The final argument against the Helms amendment was that it would be wrong to prohibit federal funds from going to schools, even those that banned the BSA. Liberals failed — or refused — to understand the roots of the amendment: the Equal Access Act of 1984 which provides, “It shall be unlawful for any public secondary school which receives federal financial assistance and which has a limited open forum to deny equal access or a fair opportunity to, or discrimination against, any students who wish to conduct a meeting within that limited open forum on the basis of the religious, political, philosophical, or other content of the speech at such meeting.”

The Office of Civil Rights noted that most discrimination cases are settled, before fiscal penalties are enacted, at one of four stages: at the early complaint stage; during negotiations prior to a “letter of finding” by the Office of Civil Rights concerning a violation; shortly after such a finding; or at the administrative enforcement stage when the institution is given one last chance to comply with regulations. Therefore, it was evident that even with the Helms amendment few schools would have their funding eliminated, unless they adamantly refused to provide the Boy Scouts’ equal access. The amendment did not create a new law that is out of the ordinary, but provided enforcement of the Supreme Court ruling by require the use of an existing anti-discrimination law just as it is used in other discrimination cases.

Liberals tried to link the practices of the Boy Scouts to the racist practices of groups such as the Ku Klux Klan. They noted that the U.S. does not allow hate groups like the KKK to meet in our public schools, but to equate the Boy Scouts with the KKK, even by insinuation, was disgraceful and people saw right through it. The amendment, despite the cries of the Left, was not about picking on or abusing a minority. As Colin Powell once said: “Skin color is a benign, non-behavioral characteristic. Sexual orientation is perhaps the most profound of human behavioral characteristics. Comparison of the two is a convenient but invalid argument.” The Left’s deflection of the BSA debate to minority rights avoided the moral and First Amendment arguments that have been decided by the Supreme Court.

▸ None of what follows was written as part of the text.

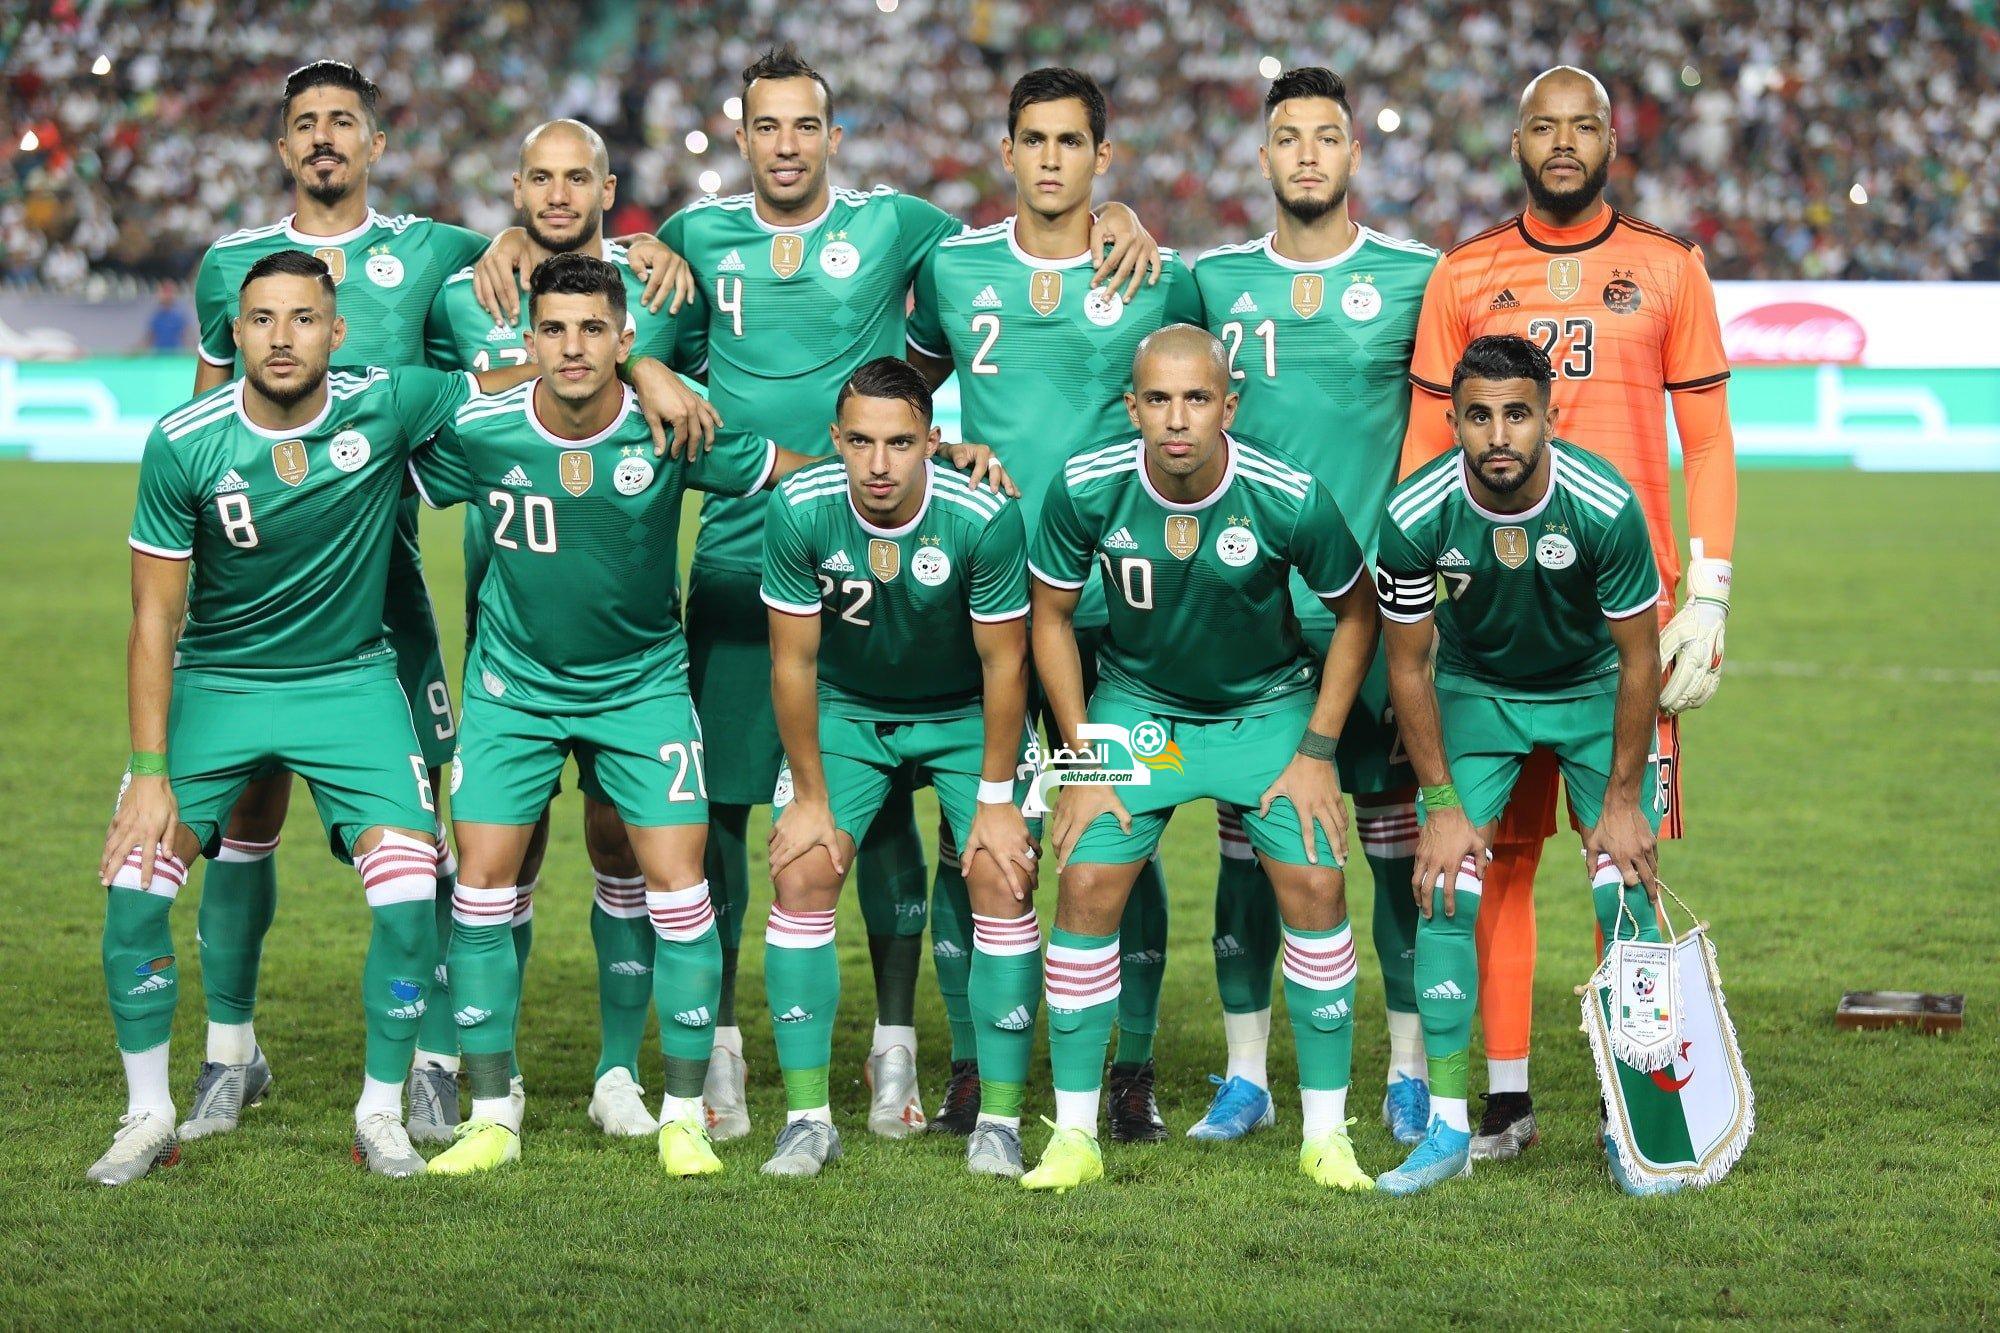 التشكيلة المتوقعة لمنتخب الجزائر ضد كولومبيا 24

What was really disappointing was that many of the liberals who stood in opposition to the Helms amendment and the rights of the Boy Scouts also stood on the Senate floor defending the right to immerse a Crucifix in urine and receive federal tax dollars to display it as art. Leftists love to fight to make the taxpayers pay for bigotry against religion but they cannot find it within themselves to protect the Boy Scouts from unconstitutional discrimination based on their moral beliefs. If the nation continues on this path of Leftist intolerance to morality, then the United States’ obituary will soon be written. It should be no wonder to anyone that we have problems in America. Who should be surprised when we hear of children shooting children or committing crimes or disrespecting authority?

The message that liberals have been sending our kids is that if anyone stands up for what he believes is morally and ethically right, then he will be ostracized. How bad do things need to get before we figure out that it is time for change?

(This First Look is adapted from a piece I wrote for the Senate Republican Policy Committee.)